So, again, as I said, we are not coming up with a free idea of this is the database you need to use. There is a very valid use case still to use relation, and we still do a lot of our workloads run on Aurora and Postgres and MySQL, all of that. What we are trying to do is migrate more from a SQL Oracle kind of on prem setups to more cloud native relational databases. So we still will continue to use heavily relational databases, but in a more cloud native, relational,

setups. We don't want to move every use case to NoSQL. Transactions, bookings, they're all critical. They need a strict asset properties and things like that. So we'll continue to use those, on relational databases. What we want to do is use the specific tool for the specific use case.

Also, how do you, run it with the least cost. Like, if there is an open source databases database out there which can solve my use case without paying any license cost, we want to use that instead of paying heavy licenses or overhead cost around this legacy database.

So one of the other things that you mentioned earlier was the shift from a DevOps style approach to more of a platform engineering approach where, to begin with, you had these embedded experts who worked with all the different teams, but maybe didn't have as distributed of a set of knowledge around the different database engines, and now you've consolidated a lot of that expertise

into your platform team with a focus on the data layer. And I'm wondering how some of the ways that the lessons learned in that has maybe translated to other operational elements of your overall engineering stack to invest more in a platform versus DevOps style approach and some of the ways that those DevOps style resources have either shifted focus or some of the other types of work that they're still engaged in within those teams in an embedded fashion?
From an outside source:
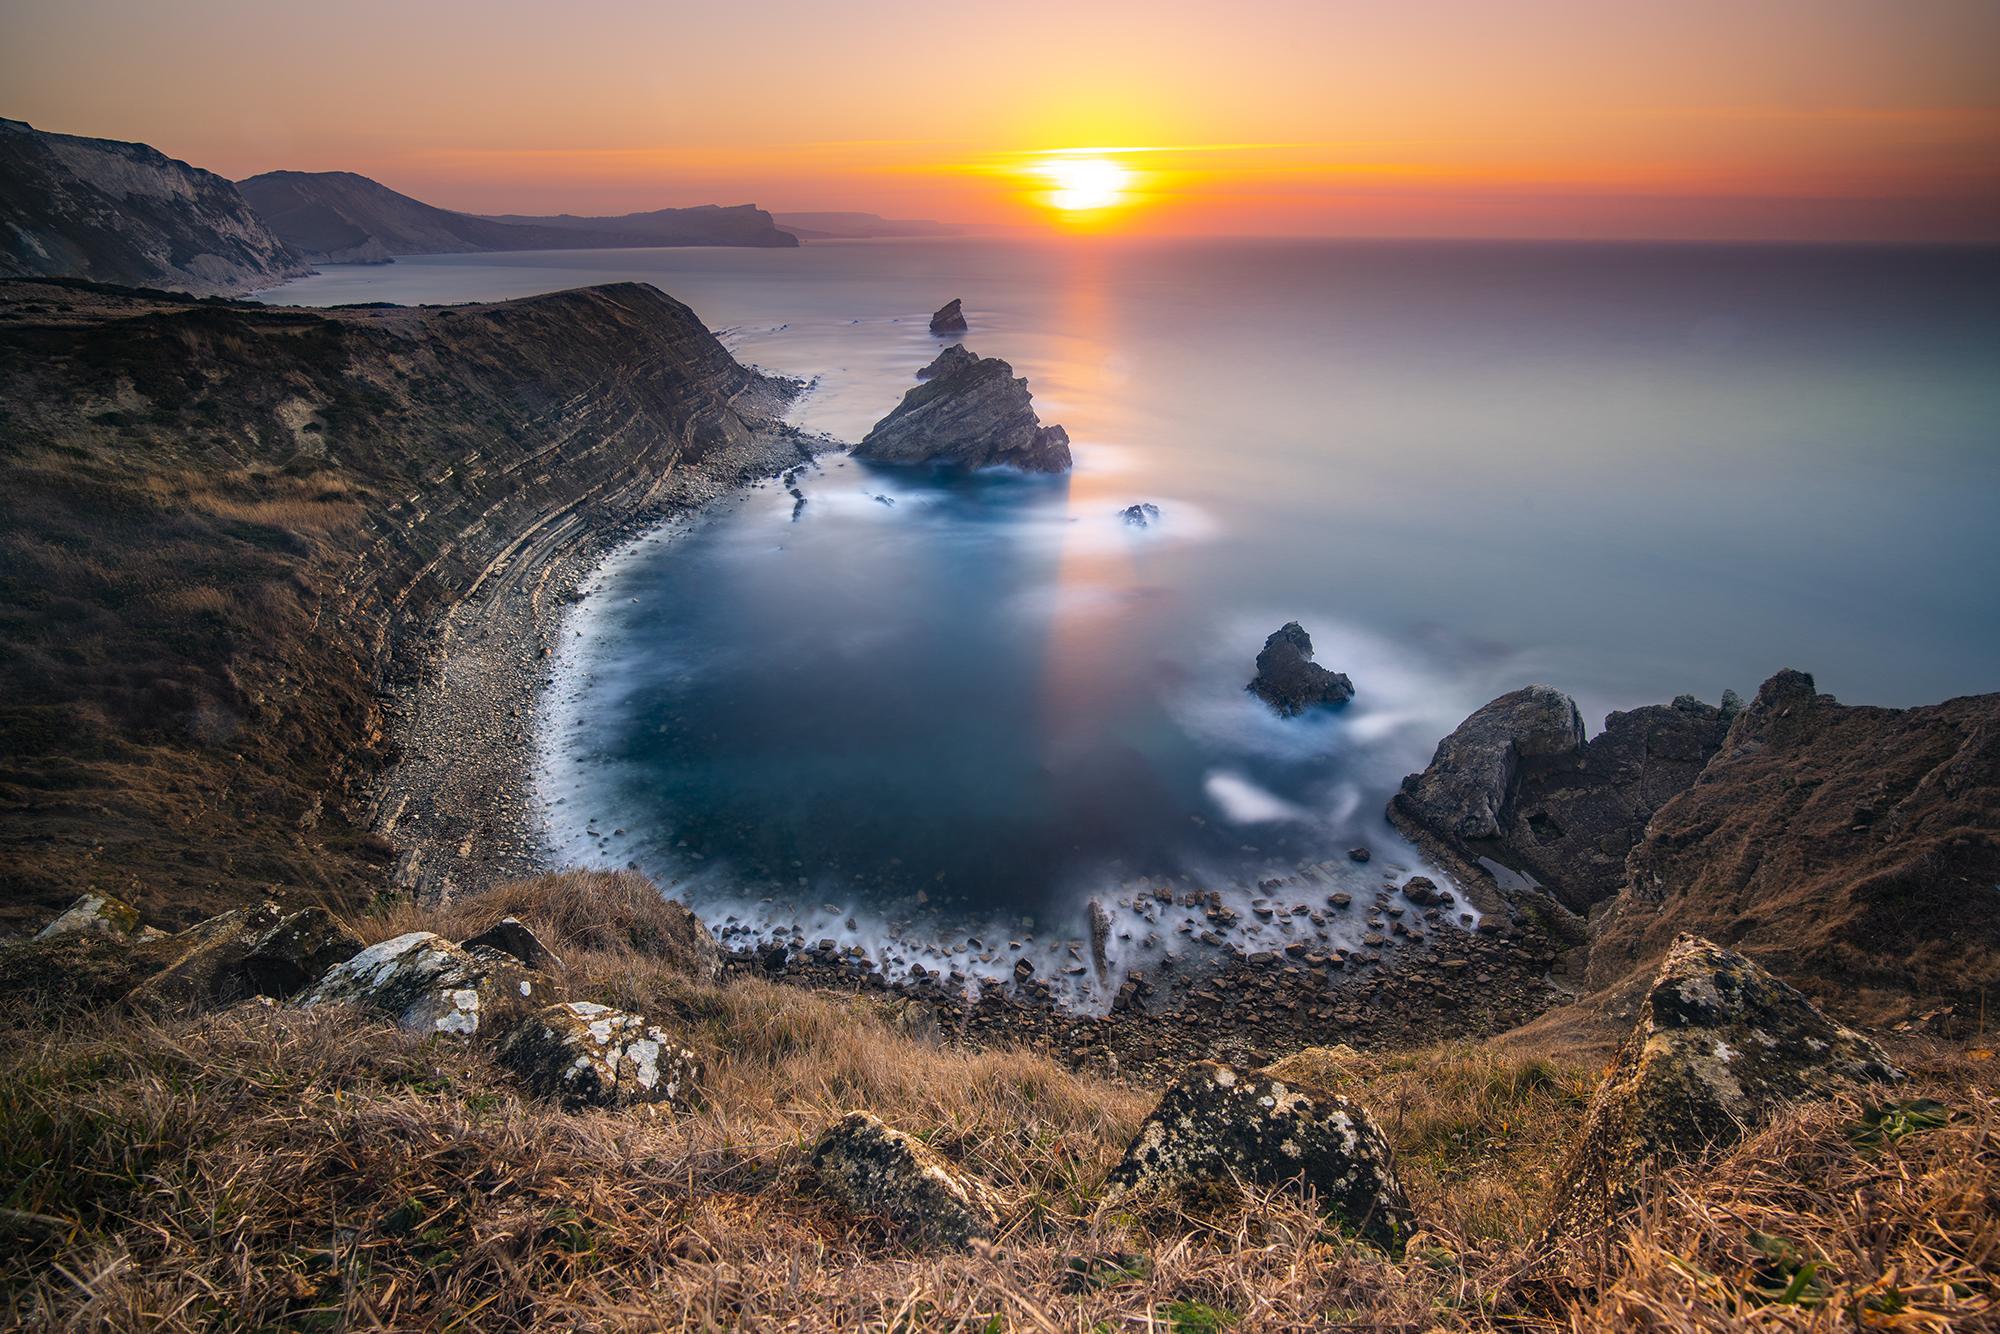 639 seconds - Mupe Bay, Dorset

Yeah. So one thing is, like, platform engineering is not a replacement of DevOps. It's an enhancement of DevOps. Like, in stuff, you know, DevOps team taking care of hundred different things,

they just now take care of 10 different teams and, let the platform teams worry about that. So when we brought all of these engineers to, like, data and database engineers to our central team and built the platform that really worked. It really freed up a lot of time for DevOps people to because let's say you are a Java engineer or a CICD engineer. You may not know all aspects of networking or database or, you know, how to set up, 10 different services in AWS.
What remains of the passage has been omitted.